# Need to filter traffic how?



## tony33 (Mar 27, 2017)

I got FreeBSD 11.0 and need to filter traffic. I have IPFW as the firewall but sick of constantly manually adding IP addresses to be blocked.

Is there any way to automate this? I was told to use Squid proxy/dansguardian  

I am not sure about using it. Is there any articles about the subject matter?


----------



## tony33 (Apr 21, 2017)

getopt said:


> Please be more precise about your filtering desires. For automation it is also relevant to know how you acquire IPs/hostnames and on what criteria you want to block. Maybe some blacklists available on the Internet might be the way to go?
> 
> Yes www/squid can do filtering based on ACLs start reading there: http://wiki.squid-cache.org/SquidFaq/SquidAcl



Filter traffic meaning blocking traffic that has malicious intent weather it's spam,ddos attacks, known source of malware  or botnet etc.

What I want is right now I have ipfw setup where I have to manually write in the firewall rules file to block individual ips or a ip block. I have to do this by manually looking at logs to see if there's an attack of some sort. However,  once I  block all these ip addresses. Things settle down than a week or two I would get a new set of ip addresses starting up again hitting my servers.

I don't have the time to keep watching my network and keep blocking new ip address and net blocks. These are ddos attacks but they're very weak. Not strong enough to take down my network. However, don't want to keep  looking for new ip addresses to keep manually typing in and blocking.

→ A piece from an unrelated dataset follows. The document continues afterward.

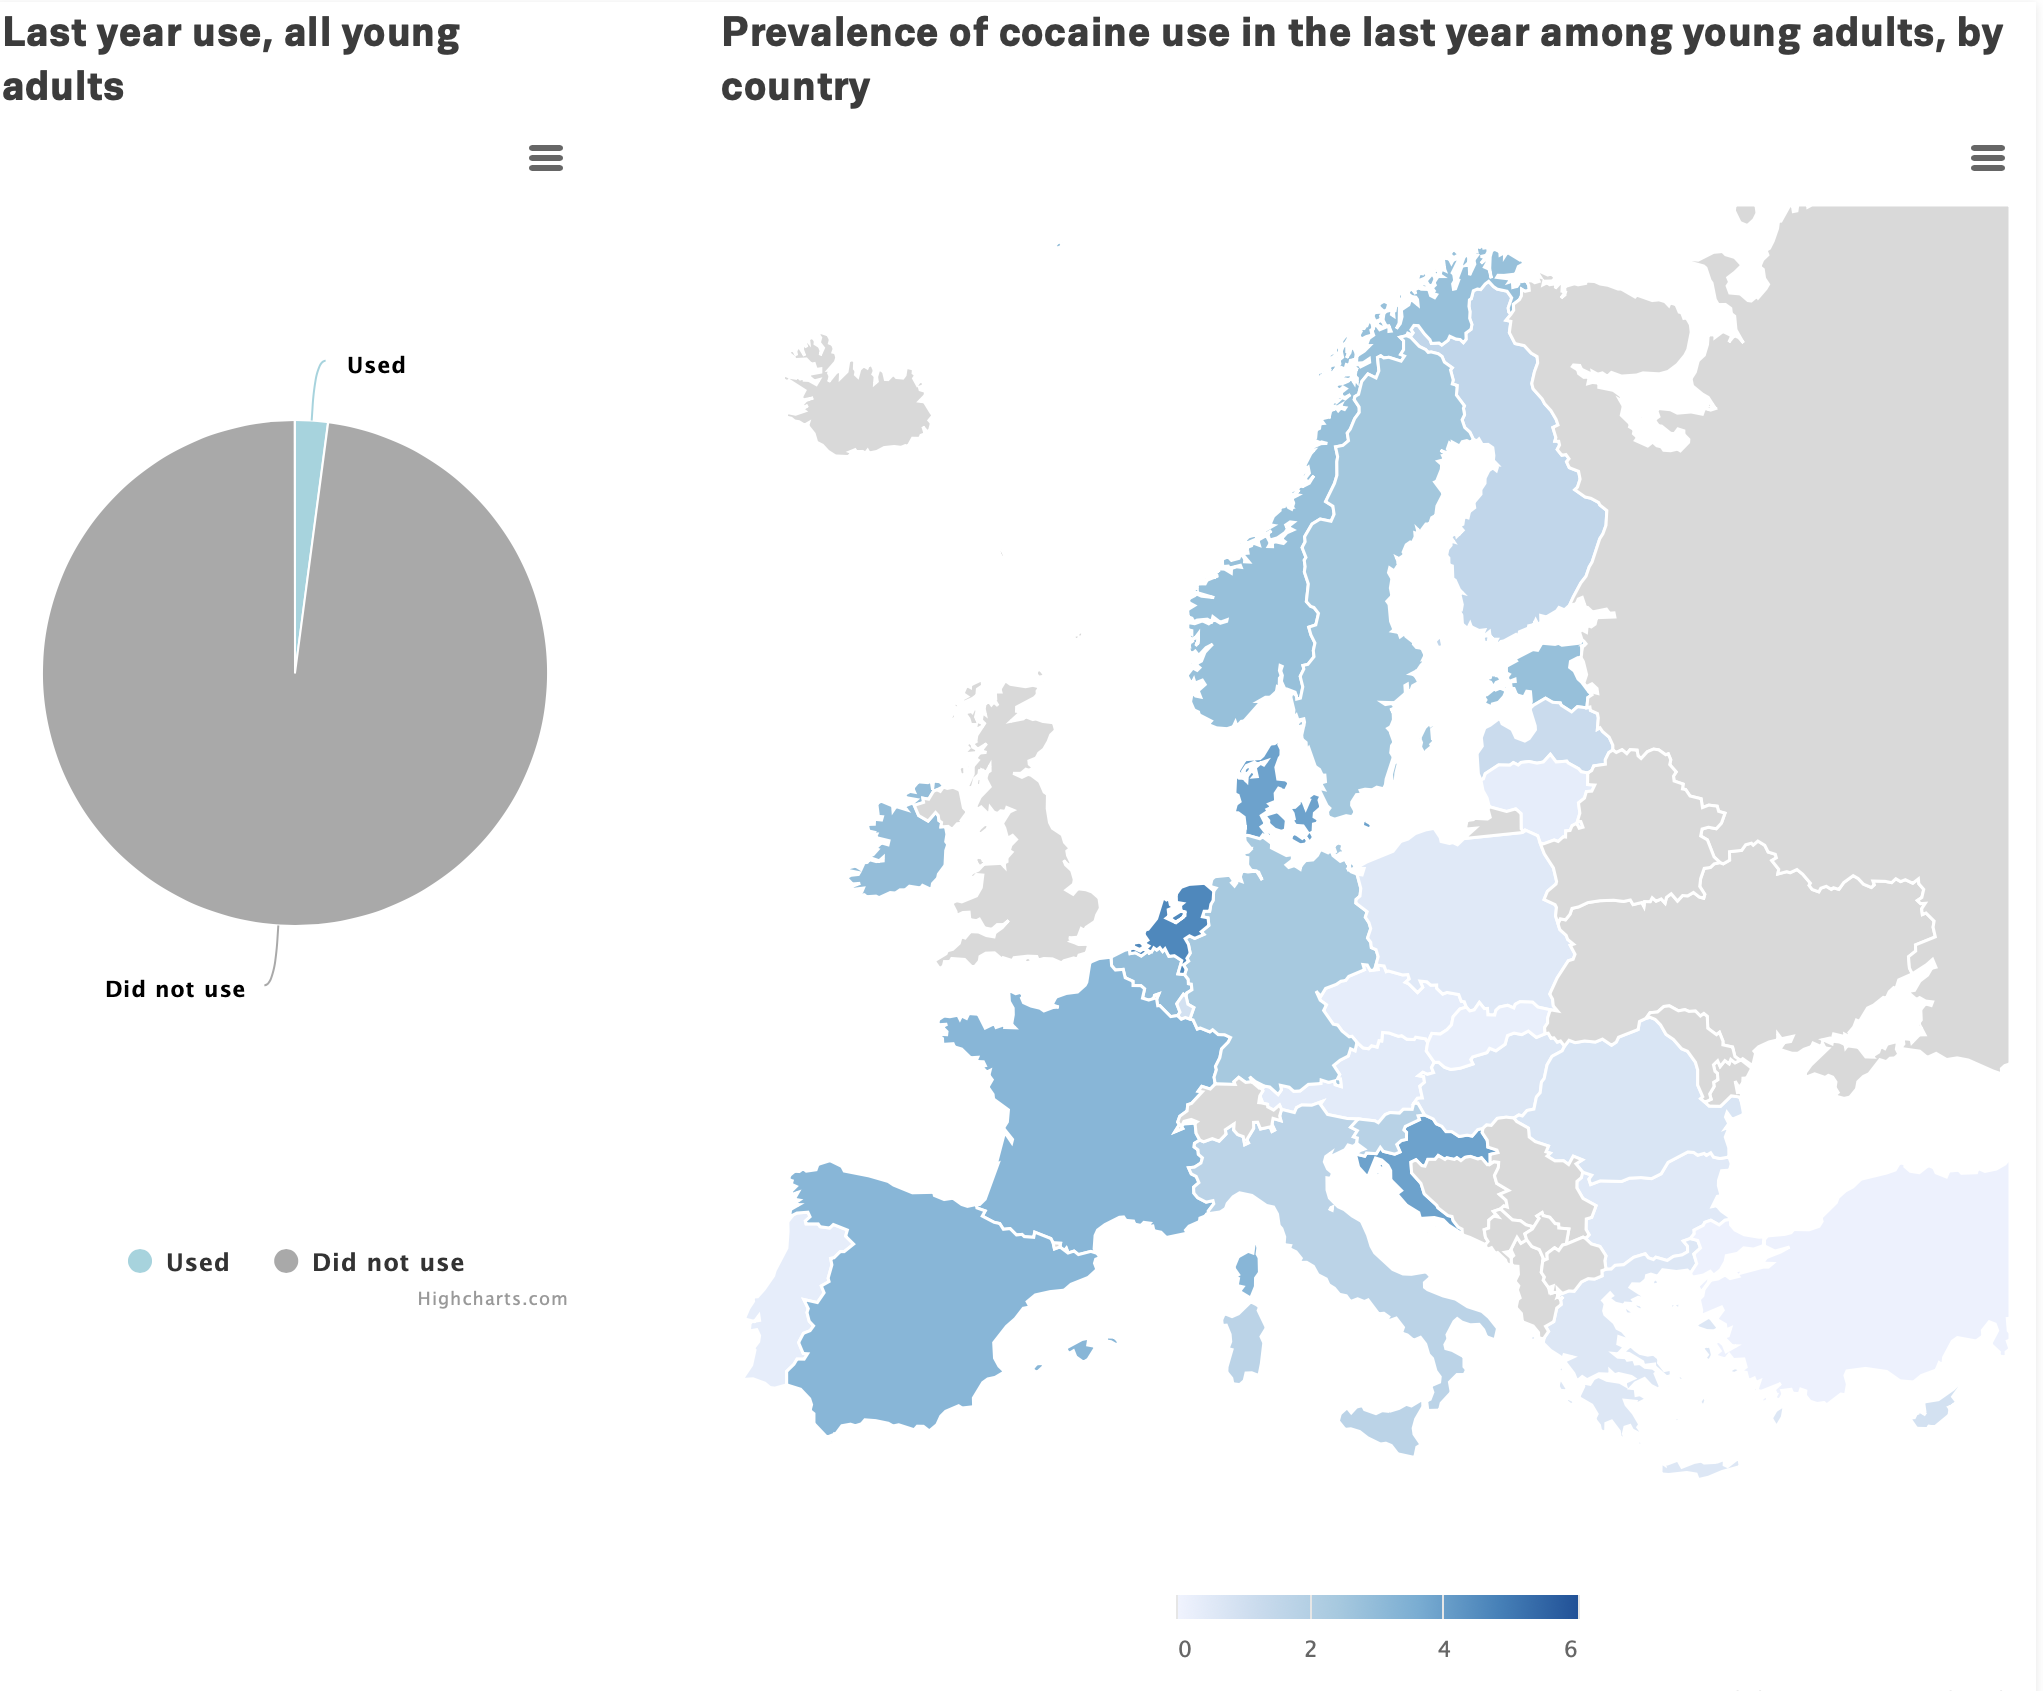 While last year cocaine use among young people is low, in many countries in Europe it is close to 3%.

I want either software that can detect a pattern to determine if a ddos attack is at hand. That would generate the code to add to ipfw to block the ip address.

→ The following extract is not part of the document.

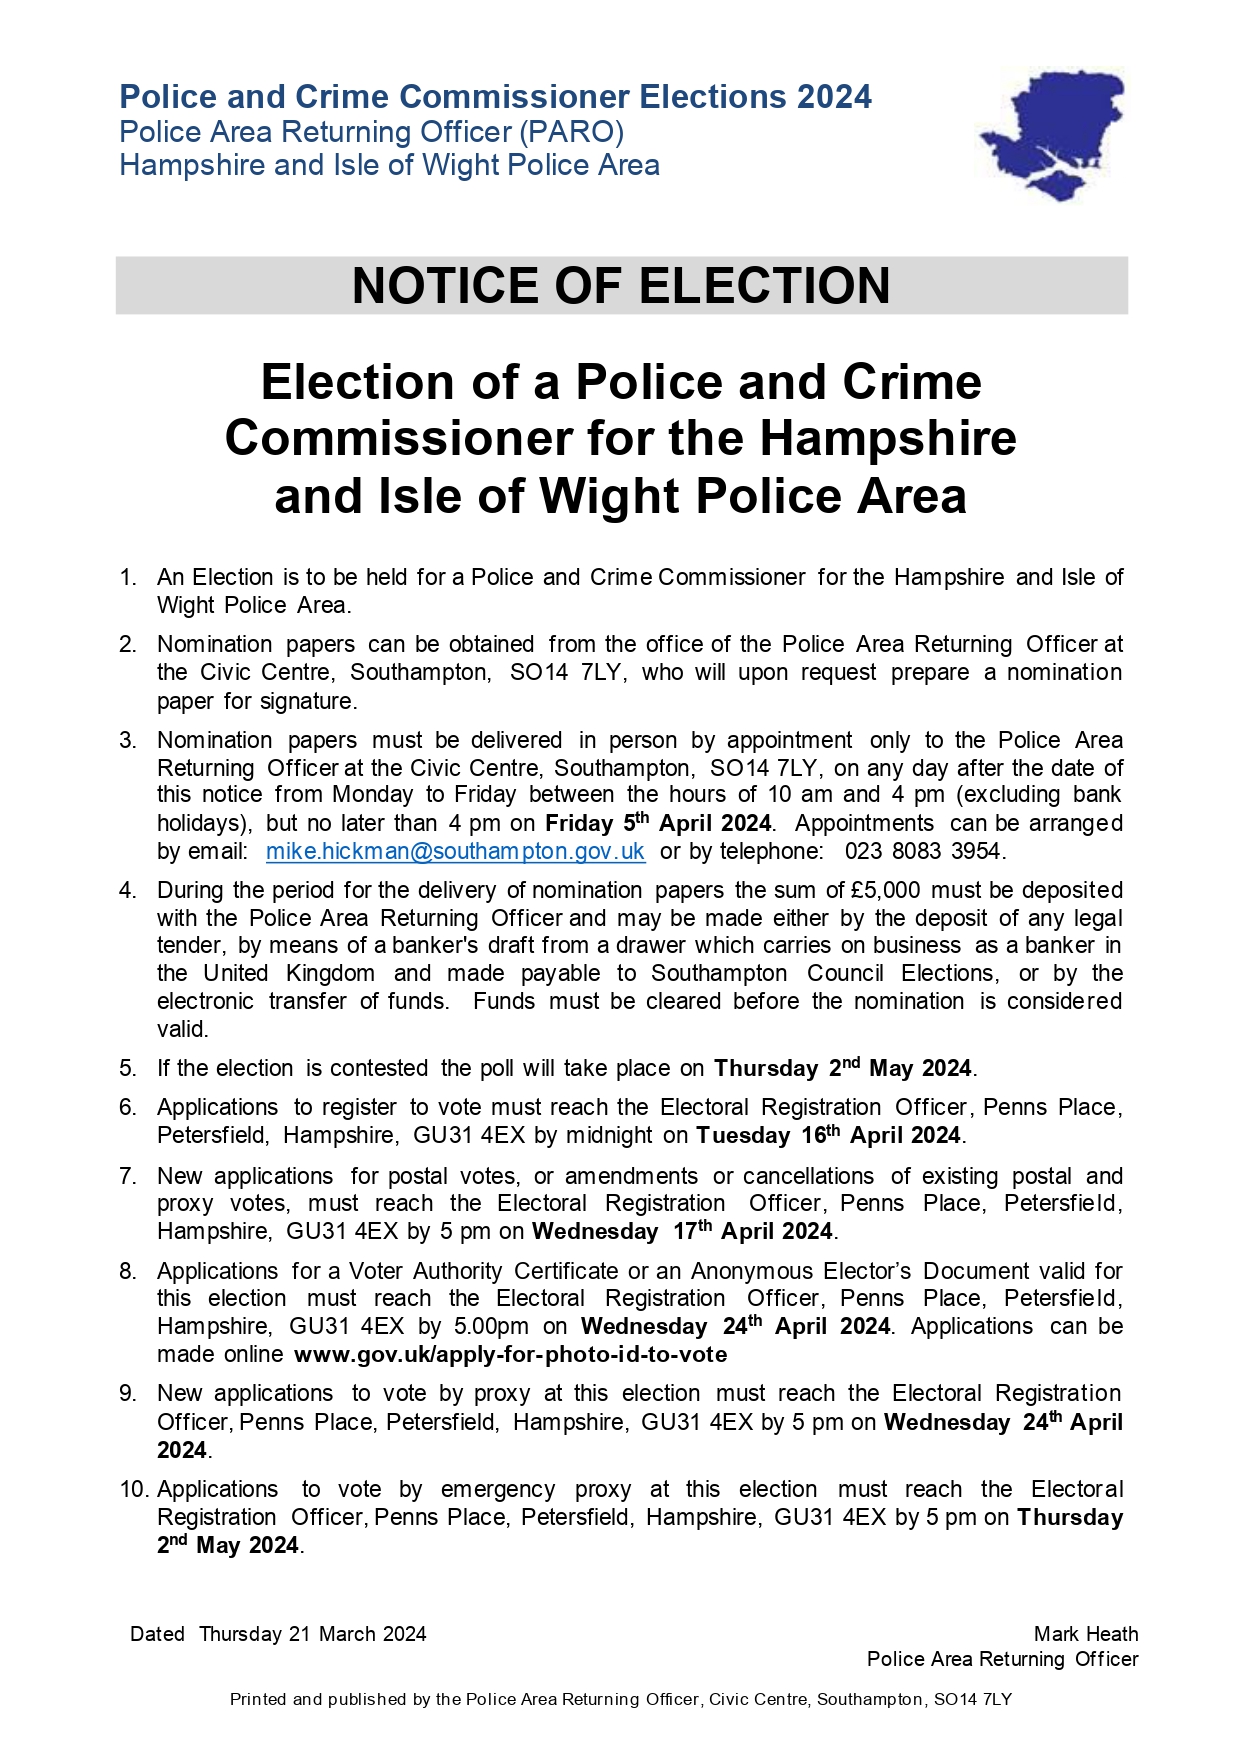 Election of a Police and Crime Commissioner

Or like your idea and just have some kind of code that will download a blacklist form the internet. Even if there's no code or software. If it's something simple I can just put one line in ipfw and then download that blacklist file and store it on my server. I can then keep manually downloading that file.

As long it keeps blocking botnets or ddos attacks that are well known.


----------



## SirDice (Apr 21, 2017)

Are you using Squid as a reverse proxy? DDoS attacks are _incoming_. And Squid is typically used for _outgoing_ traffic. So I'm wondering how you are "detecting" those attacks.


----------